Special attention to SELinux, permissive or disabled is the best status for that. If a customer is using that, they will be able to provide a new target configuration for MaxScale and keepalived. This can be a big problem as keepalived will be using ephemeral ports and executing lots of scripts.

The steps this document goes through are below:

  • Recognize the environment, knowing what hosts are currently dedicated to MaxScale;
  • Packages installation, keepalived, and kernel-headers;
  • Add configuration files for keepalived and the maxping.sh;
  • Add the required user to execute scripts on behalf of keepalived;
  • Configure Keepalived and MaxScale to start on boot;
  • Monitor the syslog to observe the transitions.

Recognize the environment

It’s important to recognize the environment, and list the IPs; you can use the hosts’ file to set up a local DNS in case you don’t have very complicated hostnames, set up the SSH key-based authentication between MaxScale hosts, and make sure you have rsync and maxctrl available to work with. Maxctrl is already part of the package as one of the requirements here is to be running MaxScale 2.3++. The rsync package should be set up in case it’s not, and the rsync port (873) should also be observed from the firewall standpoint. With this, we can move on.

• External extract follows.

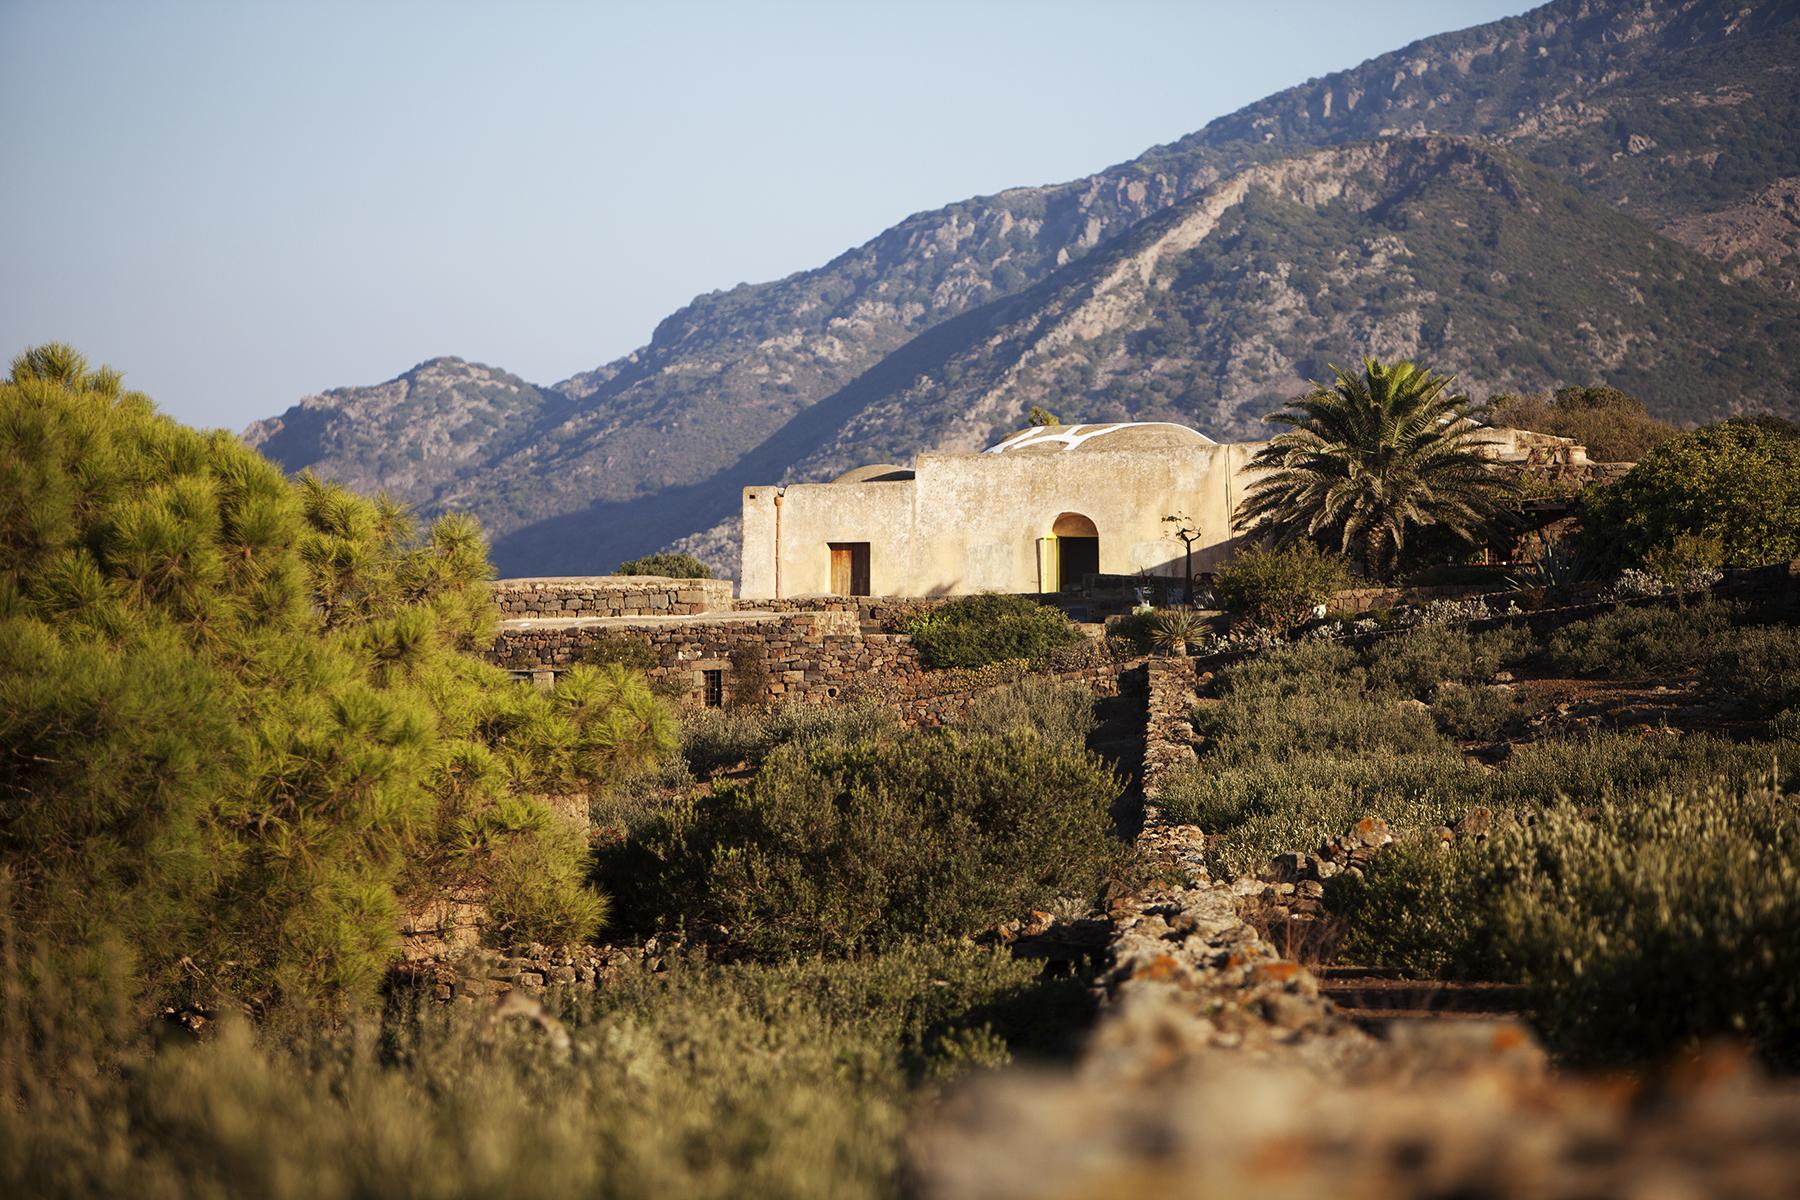 affitta-dammuso-pantelleria-vacanza_01.jpg

Packages installation on all MaxScale instances

One of the things to observe here is that most of the customer does not have access to the internet configured on the servers and then, a wget is suggested to test it:

[root@box01 ~]# wget --spider http://www.google.com
Spider mode enabled. Check if remote file exists.
--2019-03-06 20:41:42-- http://www.google.com/
Resolving www.google.com (www.google.com)... 172.217.162.164, 2800:3f0:4004:800::2004
Connecting to www.google.com (www.google.com)|172.217.162.164|:80... connected.
HTTP request sent, awaiting response... 200 OK
Length: unspecified [text/html]
Remote file exists and could contain further links,
but recursion is disabled -- not retrieving.

As you can see, the 200 is the HTTP response, so, we have access to the internet and we can set up the below packages:

$ yum install curl gcc openssl-devel libnl3-devel net-snmp-devel kernel-headers kernel-devel mailx keepalived -y

Add configuration files for keepalived and the maxping.sh

You can see below the configuration files for the MASTER and for the BACKUP sides, considering we have 2 MaxScale instances (if three, one MASTER and two BACKUP) and the maxping.sh which is a little script that demands a little customization so we can ask keepalived user to execute that script to check if it can list servers through maxctrl and recognize servers names by their names, so, the script executes with no errors passing the exit 0 messages to keepalived back which keep the current server as MASTER. Keeping the current server as master means that keepalived will keep the VIP on MASTER on the configured interface.

You need to pay attention here to the fact that, one server will operate as MASTER and the other one as BACKUP. Don’t add both as MASTER and with the same priority, that’s why I’m considering two configuration files below.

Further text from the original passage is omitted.